RECORDED DATA:
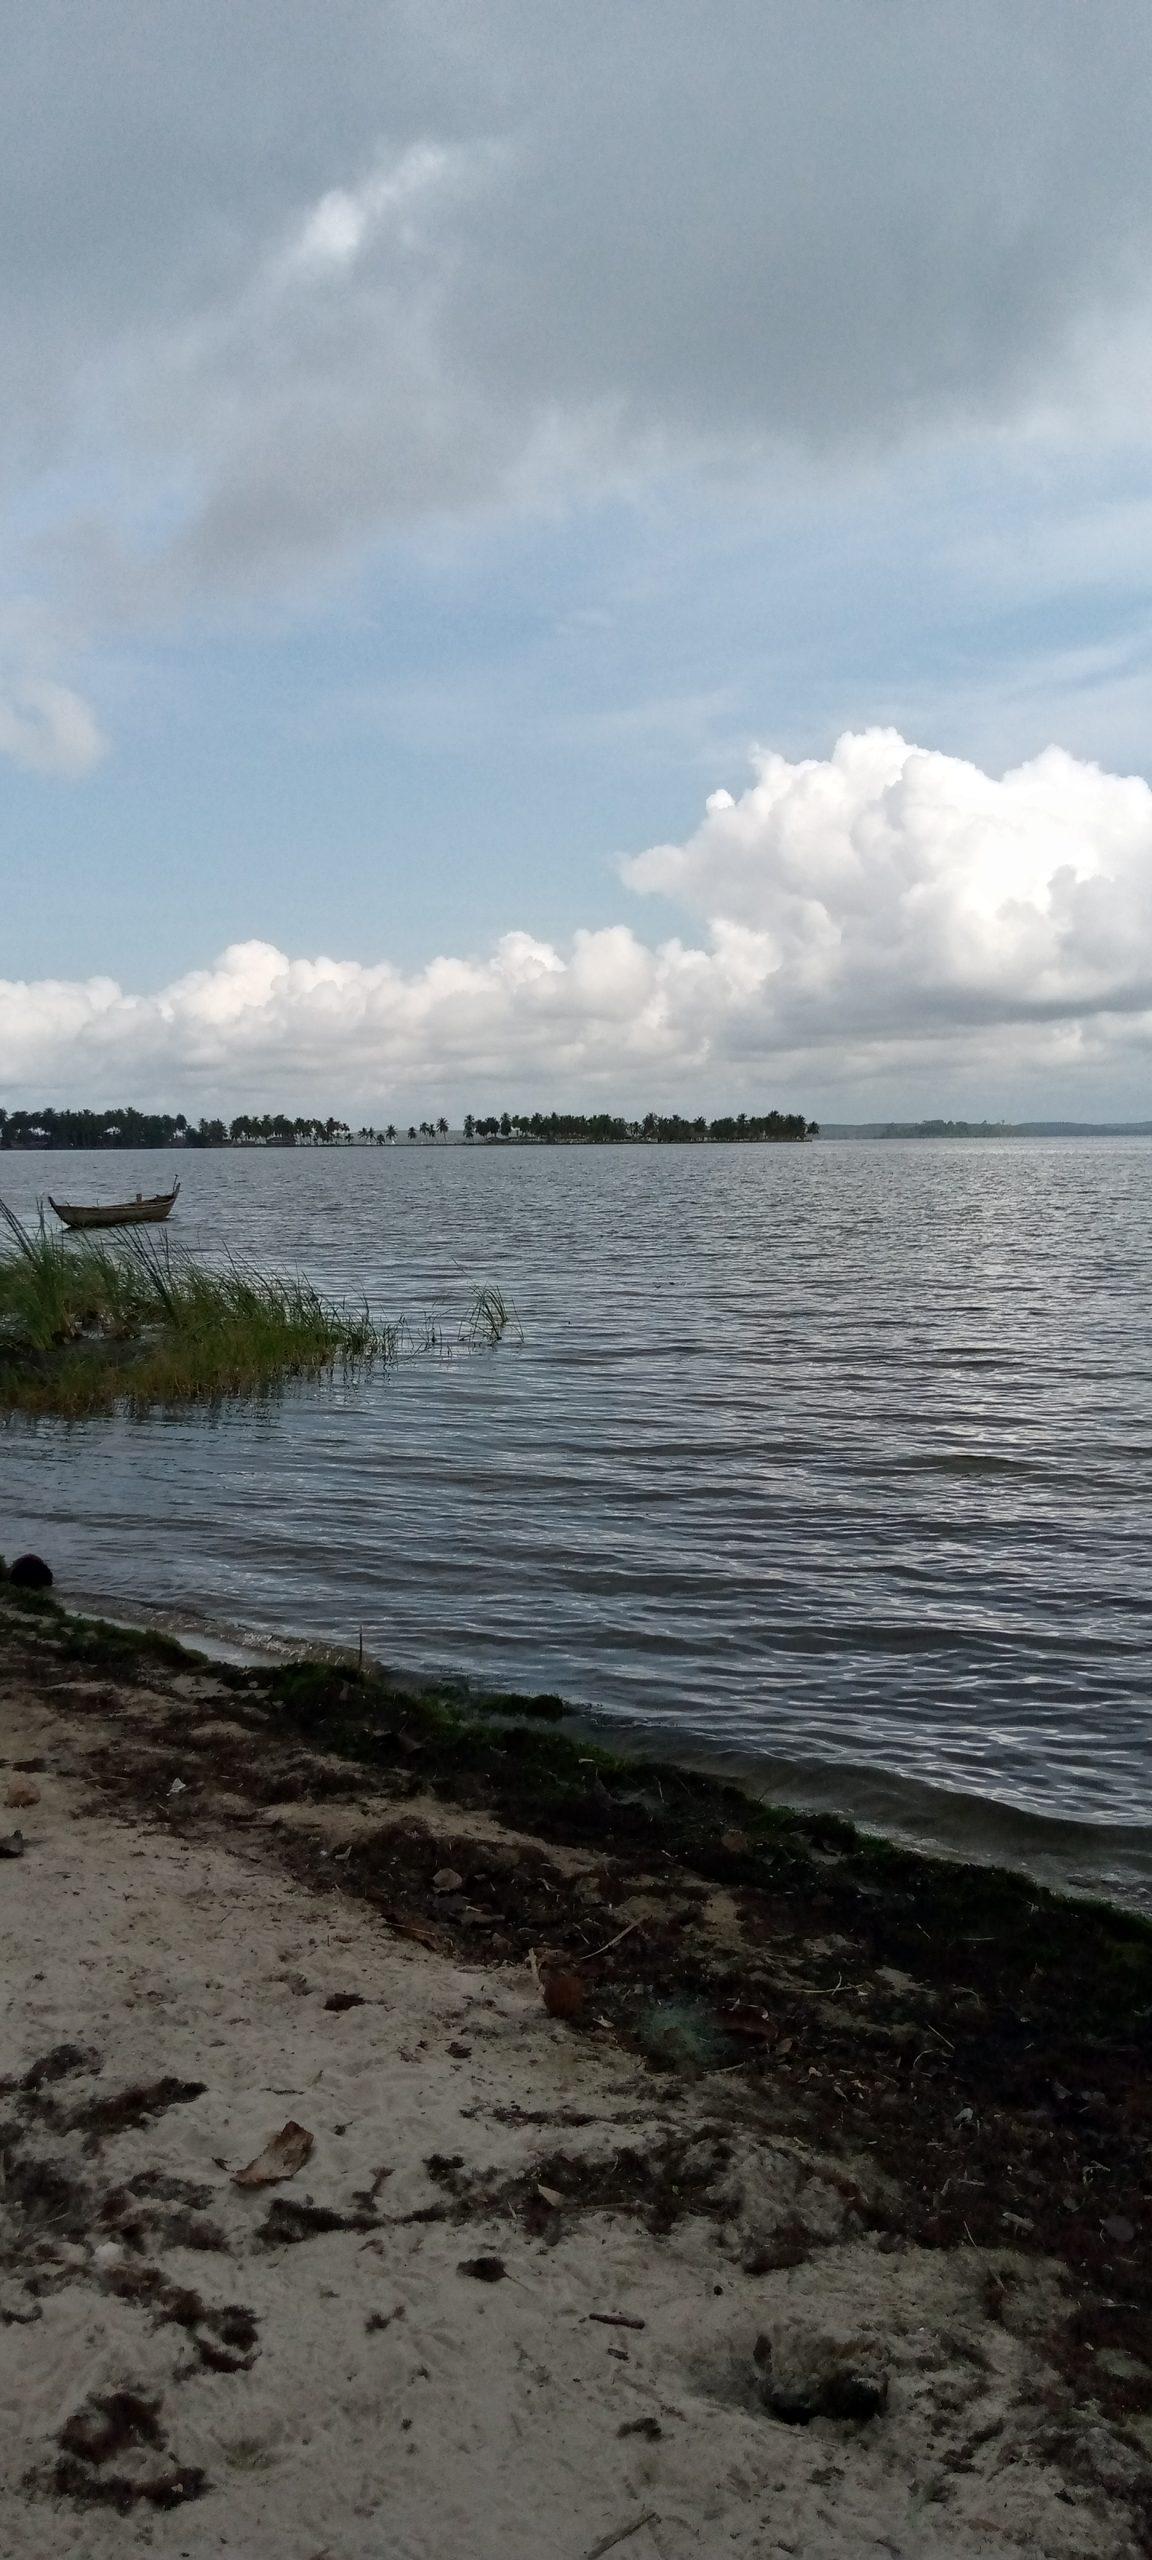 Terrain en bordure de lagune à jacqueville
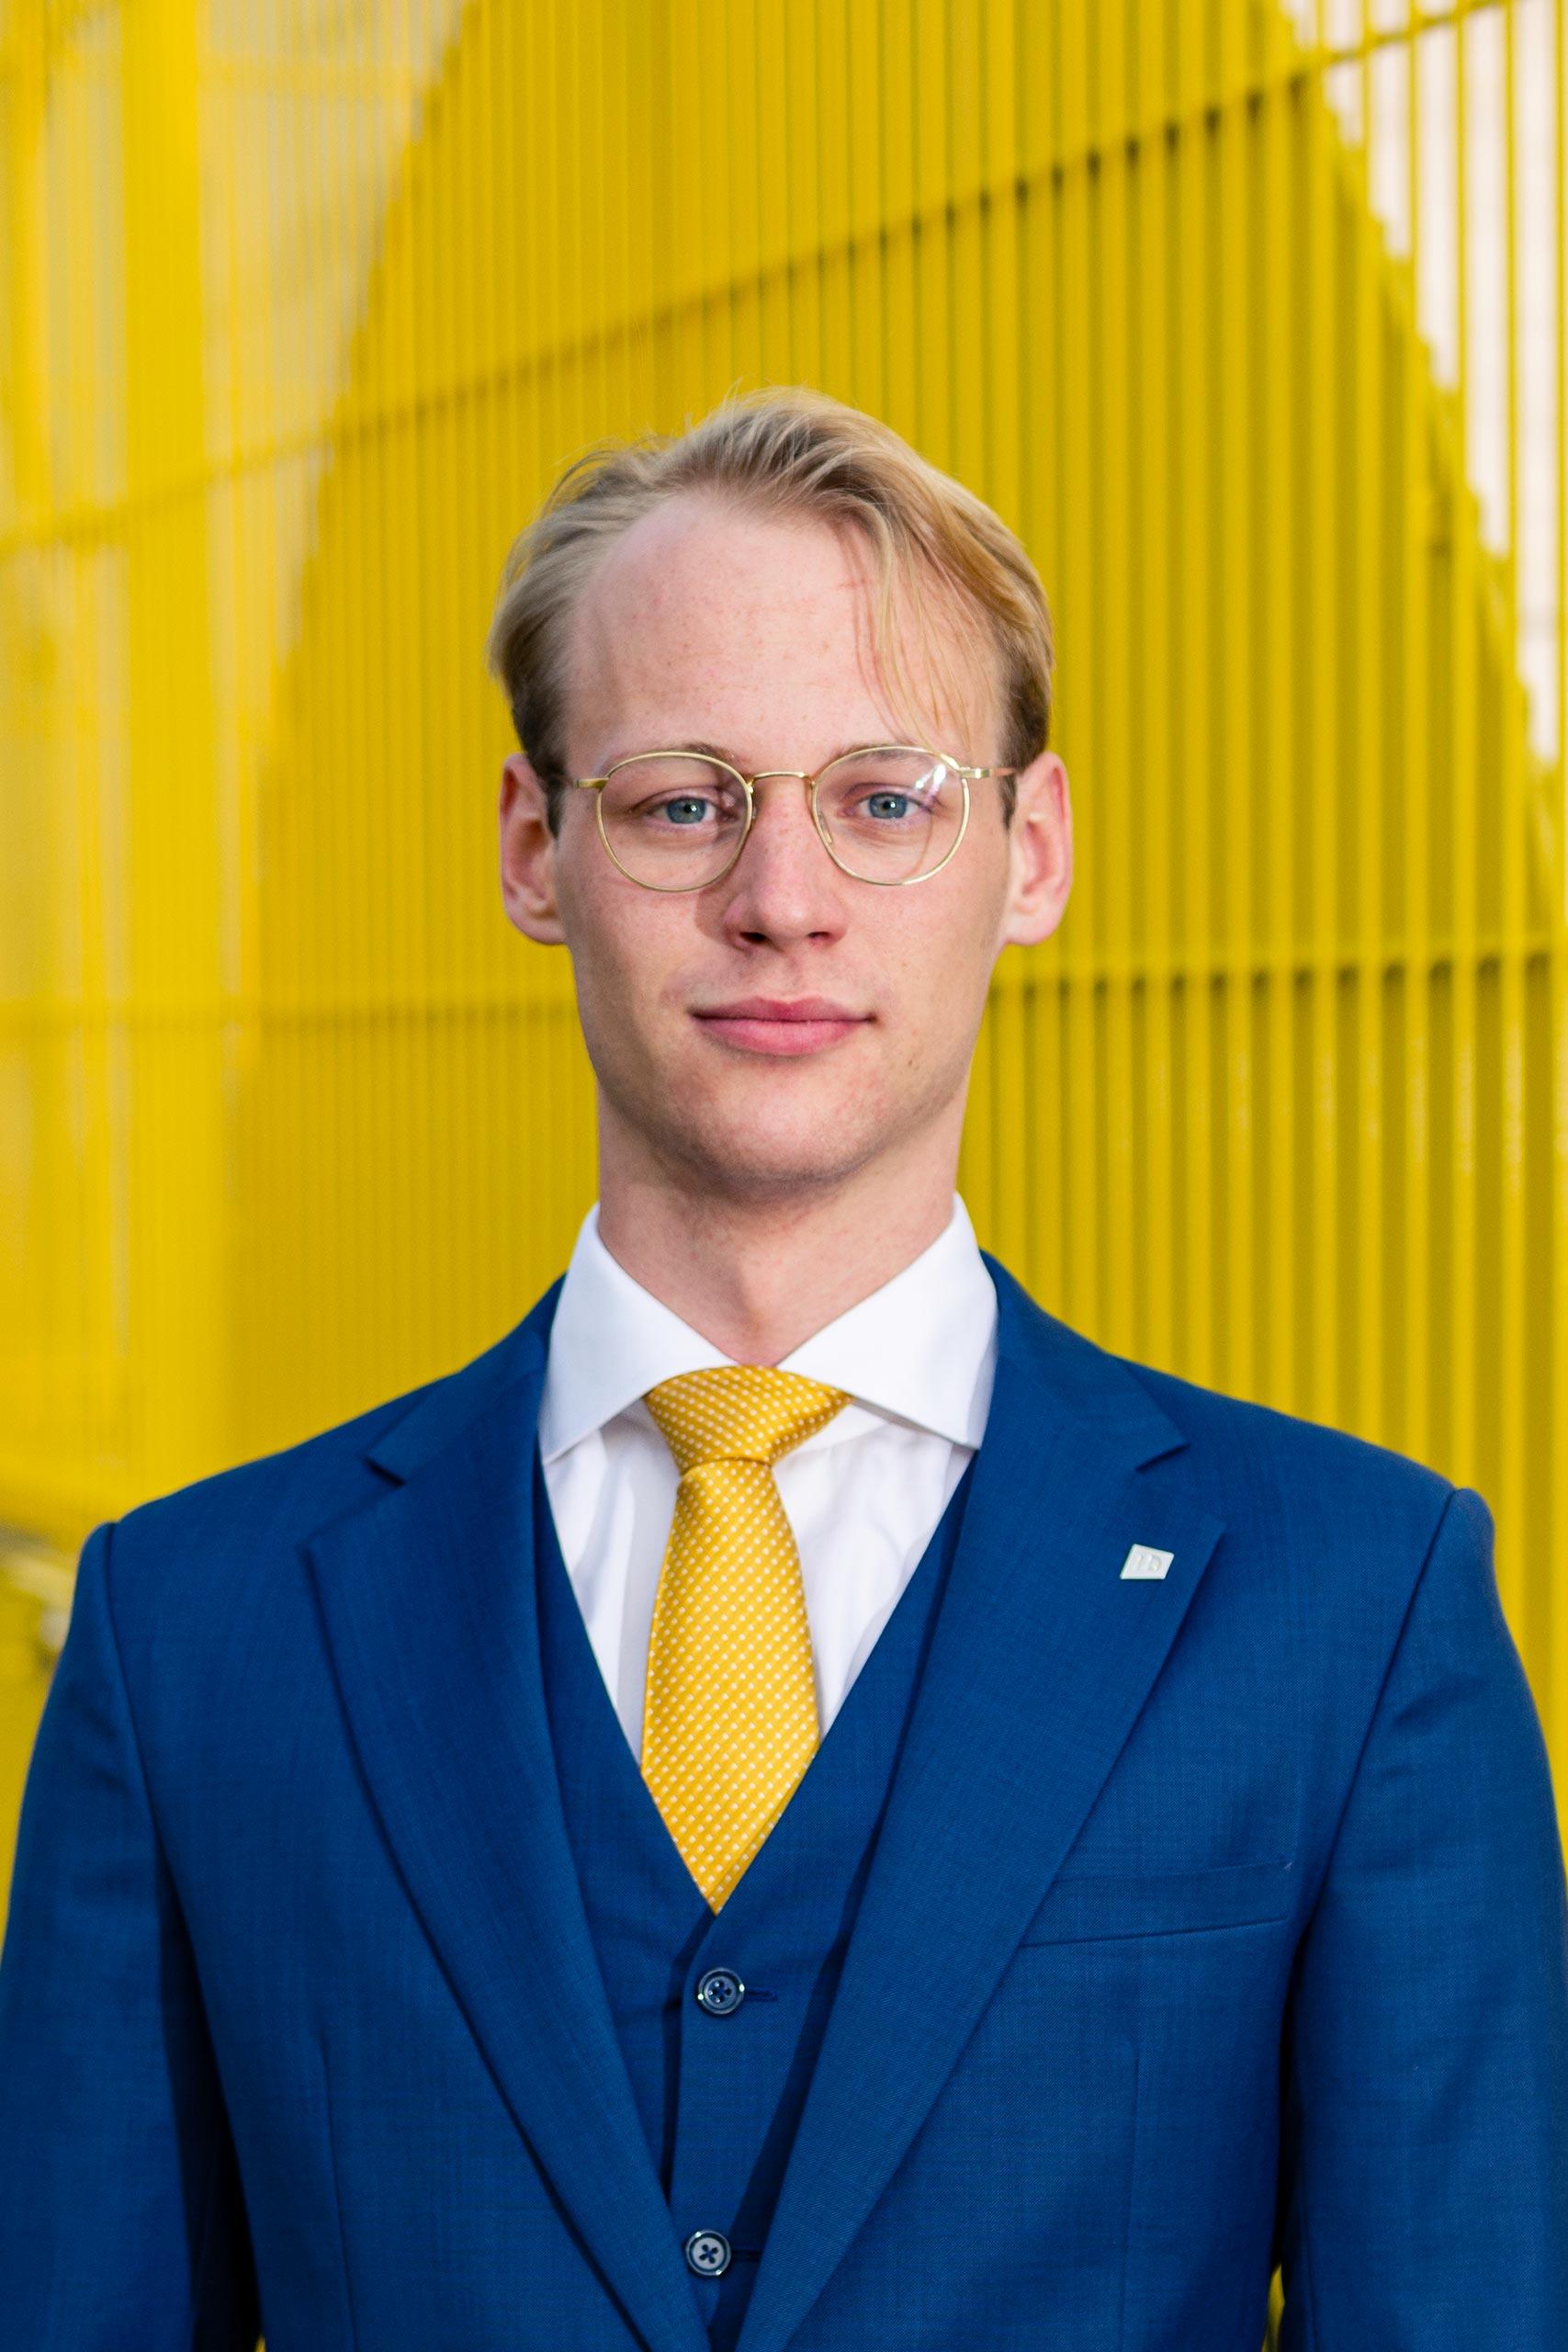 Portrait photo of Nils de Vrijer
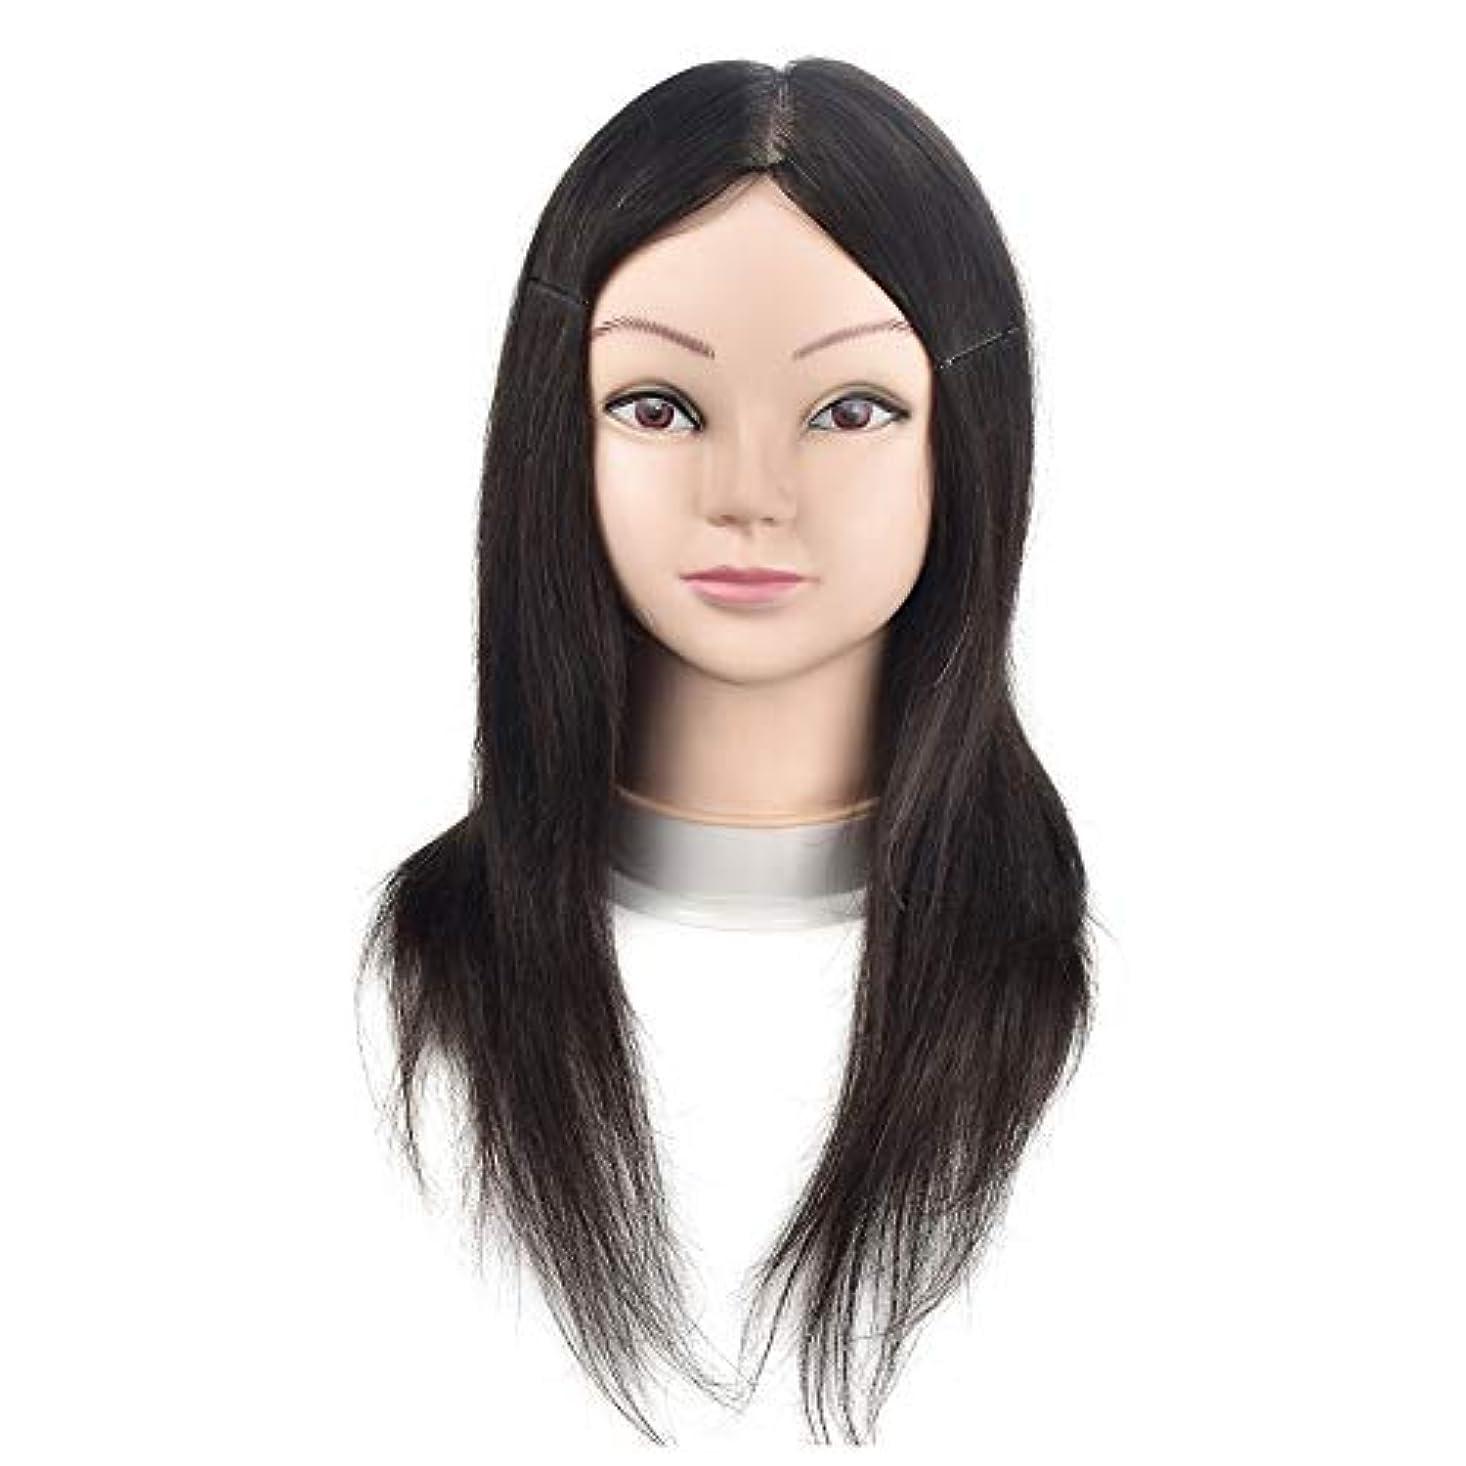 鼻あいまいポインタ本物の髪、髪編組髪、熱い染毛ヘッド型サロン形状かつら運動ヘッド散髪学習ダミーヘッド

TASK TO CARRY OUT:
Skip every picture, and give the rest of the material above again exactly.

SOLUTION FOR THIS TASK:
 Terrain en bordure de lagune à jacqueville
 Portrait photo of Nils de Vrijer
 鼻あいまいポインタ本物の髪、髪編組髪、熱い染毛ヘッド型サロン形状かつら運動ヘッド散髪学習ダミーヘッド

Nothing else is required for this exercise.